* [DATA EXCERPTS]
━━━━━━━━━━
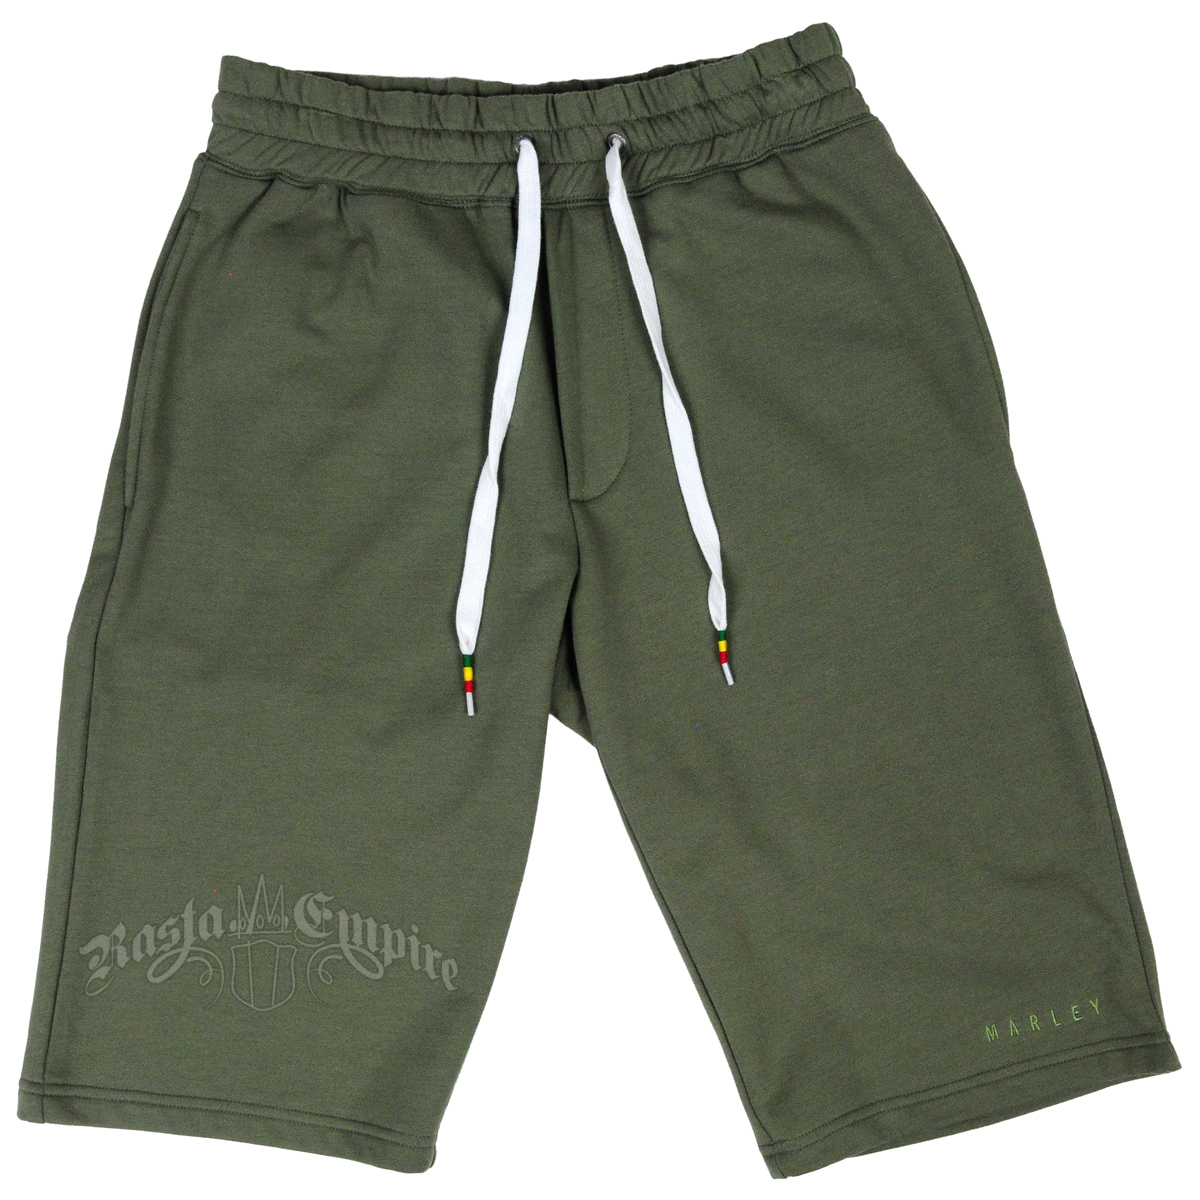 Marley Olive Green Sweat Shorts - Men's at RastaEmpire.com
━━━━━━━━━━
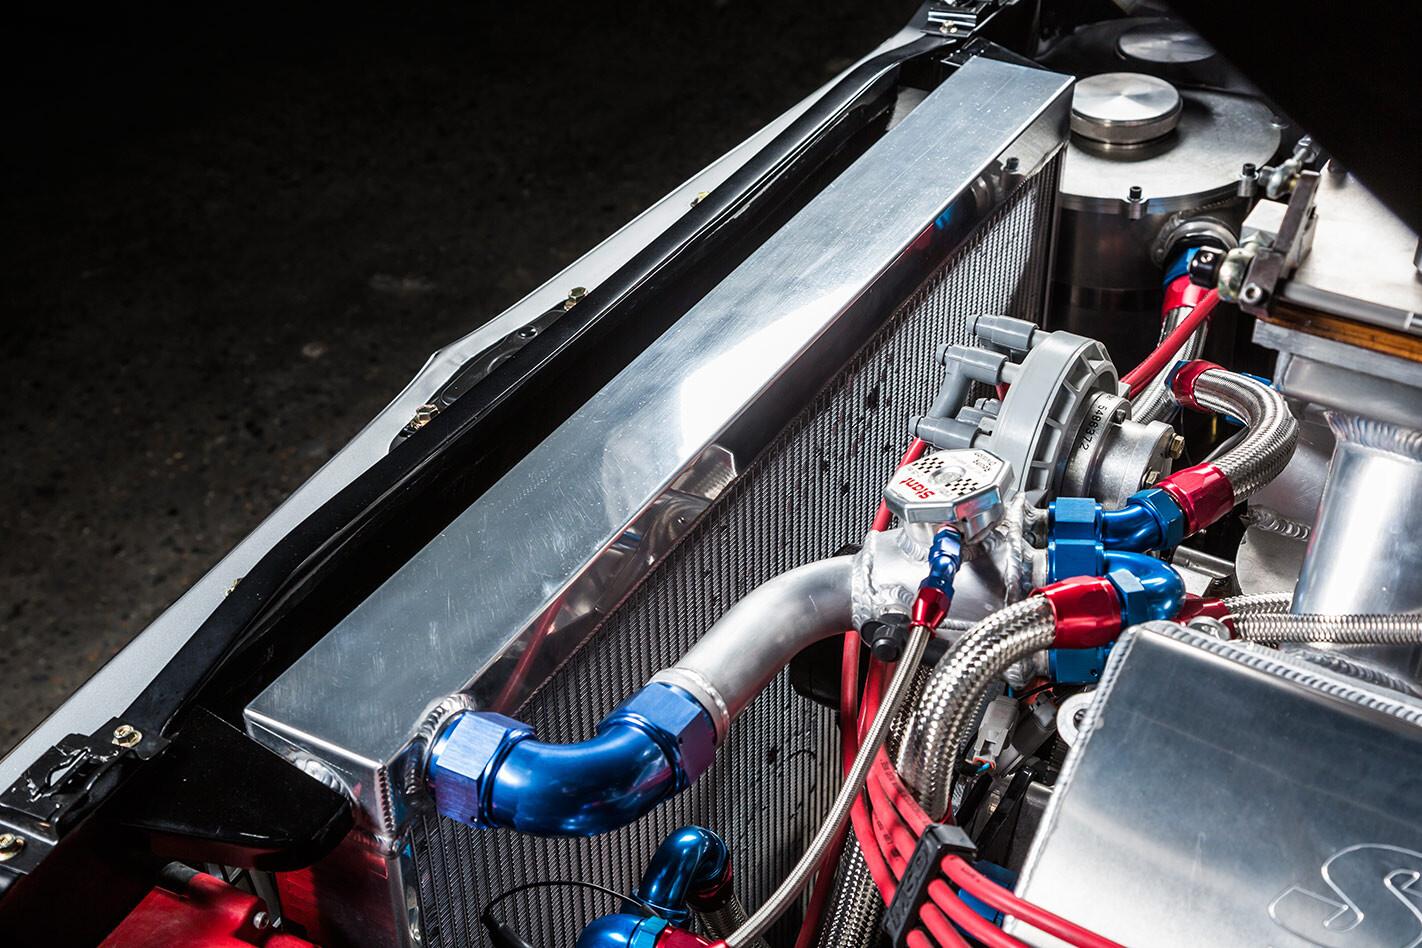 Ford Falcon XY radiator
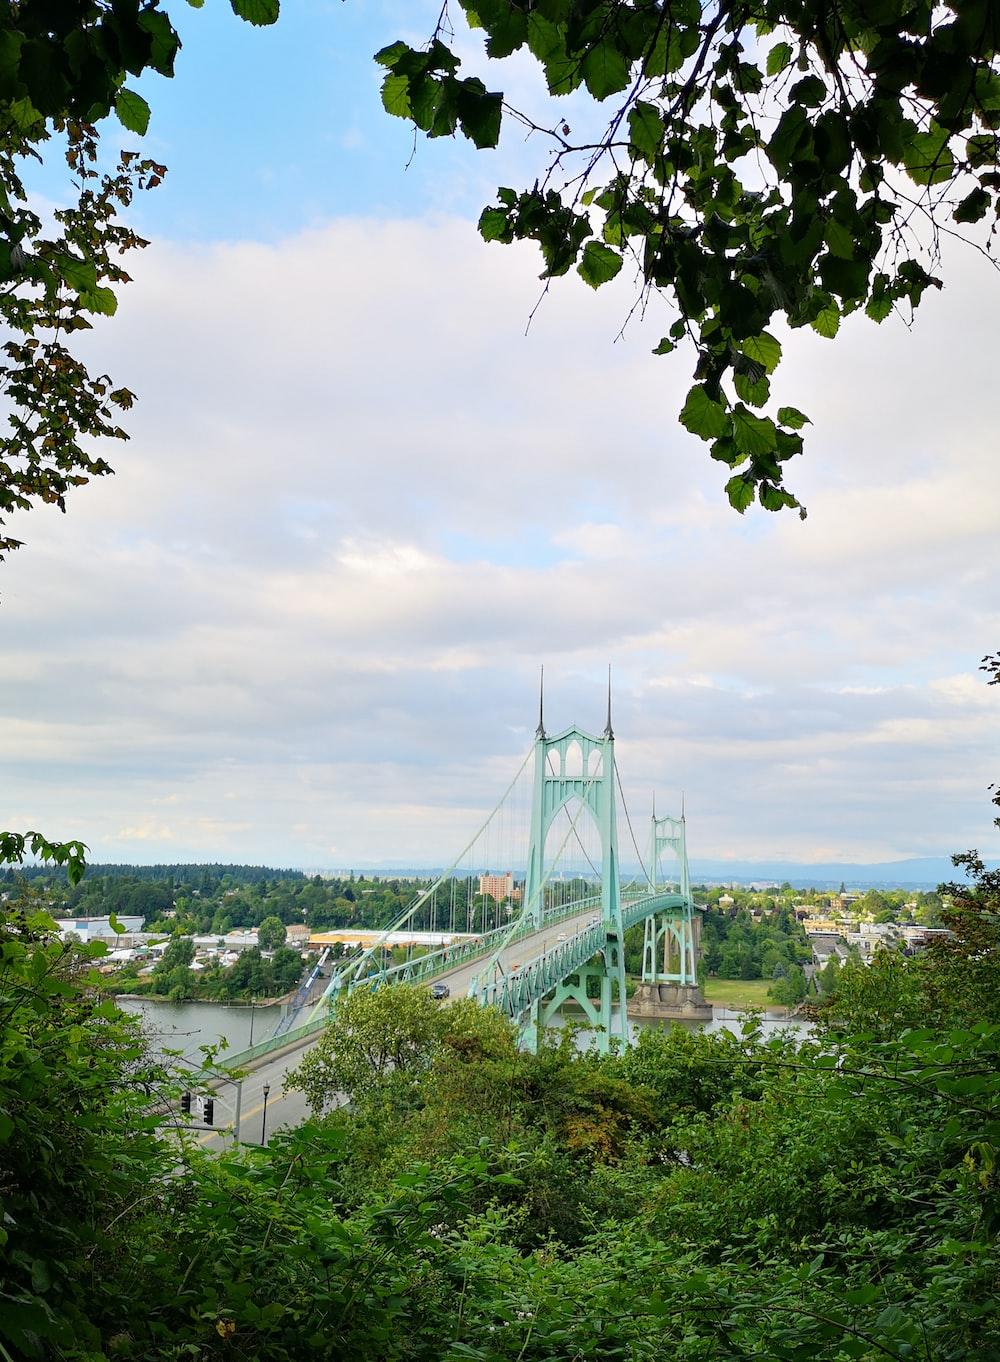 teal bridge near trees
━━━━━━━━━━
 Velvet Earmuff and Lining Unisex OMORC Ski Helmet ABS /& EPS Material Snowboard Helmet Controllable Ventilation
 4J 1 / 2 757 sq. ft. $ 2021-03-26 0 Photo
━━━━━━━━━━
* [YOUR ASSIGNMENT] A verbatim transcription is needed of the lines above, starting at the line with "Velvet Earmuff and" and ending at the line with "4J 1 / 2 757 sq. ft. $ 2021-03-26 0 Photo", both included, and of nothing else.

* [TASK OUTPUT]
 Velvet Earmuff and Lining Unisex OMORC Ski Helmet ABS /& EPS Material Snowboard Helmet Controllable Ventilation
 4J 1 / 2 757 sq. ft. $ 2021-03-26 0 Photo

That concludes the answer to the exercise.